* _TASK STATEMENT_
Output all of the listing below, leaving every line unchanged.

* _SOURCE INFORMATION_
==*==
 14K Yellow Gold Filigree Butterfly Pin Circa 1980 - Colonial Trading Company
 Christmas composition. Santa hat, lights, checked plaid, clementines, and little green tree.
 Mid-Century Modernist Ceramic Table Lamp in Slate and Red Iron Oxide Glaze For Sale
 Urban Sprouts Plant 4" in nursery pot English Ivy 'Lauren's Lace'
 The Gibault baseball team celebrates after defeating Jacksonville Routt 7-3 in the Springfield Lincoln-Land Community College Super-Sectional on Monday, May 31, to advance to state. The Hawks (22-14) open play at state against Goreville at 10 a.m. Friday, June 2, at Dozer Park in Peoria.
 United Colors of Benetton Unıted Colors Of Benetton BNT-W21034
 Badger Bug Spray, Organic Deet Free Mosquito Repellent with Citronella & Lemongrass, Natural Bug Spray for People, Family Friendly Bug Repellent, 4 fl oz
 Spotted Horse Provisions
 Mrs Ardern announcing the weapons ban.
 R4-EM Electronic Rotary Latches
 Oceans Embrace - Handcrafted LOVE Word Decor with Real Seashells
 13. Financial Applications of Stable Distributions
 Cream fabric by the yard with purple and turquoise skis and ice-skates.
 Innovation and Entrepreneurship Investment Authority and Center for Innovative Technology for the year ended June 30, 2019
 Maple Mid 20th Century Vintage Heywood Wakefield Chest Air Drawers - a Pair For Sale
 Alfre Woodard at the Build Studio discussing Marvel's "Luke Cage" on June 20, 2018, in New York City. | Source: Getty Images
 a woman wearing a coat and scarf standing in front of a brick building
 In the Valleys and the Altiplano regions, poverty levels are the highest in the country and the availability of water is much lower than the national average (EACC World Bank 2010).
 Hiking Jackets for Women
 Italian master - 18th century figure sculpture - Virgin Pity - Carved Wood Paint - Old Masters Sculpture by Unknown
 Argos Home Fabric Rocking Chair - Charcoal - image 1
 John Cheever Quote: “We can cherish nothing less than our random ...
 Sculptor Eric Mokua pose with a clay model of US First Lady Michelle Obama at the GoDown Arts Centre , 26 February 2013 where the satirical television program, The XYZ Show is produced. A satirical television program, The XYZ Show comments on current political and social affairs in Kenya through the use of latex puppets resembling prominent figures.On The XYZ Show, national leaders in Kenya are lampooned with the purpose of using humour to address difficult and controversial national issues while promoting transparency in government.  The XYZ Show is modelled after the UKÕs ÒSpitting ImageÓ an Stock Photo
==*==
* _ANSWER FOR THE TASK_
 14K Yellow Gold Filigree Butterfly Pin Circa 1980 - Colonial Trading Company
 Christmas composition. Santa hat, lights, checked plaid, clementines, and little green tree.
 Mid-Century Modernist Ceramic Table Lamp in Slate and Red Iron Oxide Glaze For Sale
 Urban Sprouts Plant 4" in nursery pot English Ivy 'Lauren's Lace'
 The Gibault baseball team celebrates after defeating Jacksonville Routt 7-3 in the Springfield Lincoln-Land Community College Super-Sectional on Monday, May 31, to advance to state. The Hawks (22-14) open play at state against Goreville at 10 a.m. Friday, June 2, at Dozer Park in Peoria.
 United Colors of Benetton Unıted Colors Of Benetton BNT-W21034
 Badger Bug Spray, Organic Deet Free Mosquito Repellent with Citronella & Lemongrass, Natural Bug Spray for People, Family Friendly Bug Repellent, 4 fl oz
 Spotted Horse Provisions
 Mrs Ardern announcing the weapons ban.
 R4-EM Electronic Rotary Latches
 Oceans Embrace - Handcrafted LOVE Word Decor with Real Seashells
 13. Financial Applications of Stable Distributions
 Cream fabric by the yard with purple and turquoise skis and ice-skates.
 Innovation and Entrepreneurship Investment Authority and Center for Innovative Technology for the year ended June 30, 2019
 Maple Mid 20th Century Vintage Heywood Wakefield Chest Air Drawers - a Pair For Sale
 Alfre Woodard at the Build Studio discussing Marvel's "Luke Cage" on June 20, 2018, in New York City. | Source: Getty Images
 a woman wearing a coat and scarf standing in front of a brick building
 In the Valleys and the Altiplano regions, poverty levels are the highest in the country and the availability of water is much lower than the national average (EACC World Bank 2010).
 Hiking Jackets for Women
 Italian master - 18th century figure sculpture - Virgin Pity - Carved Wood Paint - Old Masters Sculpture by Unknown
 Argos Home Fabric Rocking Chair - Charcoal - image 1
 John Cheever Quote: “We can cherish nothing less than our random ...
 Sculptor Eric Mokua pose with a clay model of US First Lady Michelle Obama at the GoDown Arts Centre , 26 February 2013 where the satirical television program, The XYZ Show is produced. A satirical television program, The XYZ Show comments on current political and social affairs in Kenya through the use of latex puppets resembling prominent figures.On The XYZ Show, national leaders in Kenya are lampooned with the purpose of using humour to address difficult and controversial national issues while promoting transparency in government.  The XYZ Show is modelled after the UKÕs ÒSpitting ImageÓ an Stock Photo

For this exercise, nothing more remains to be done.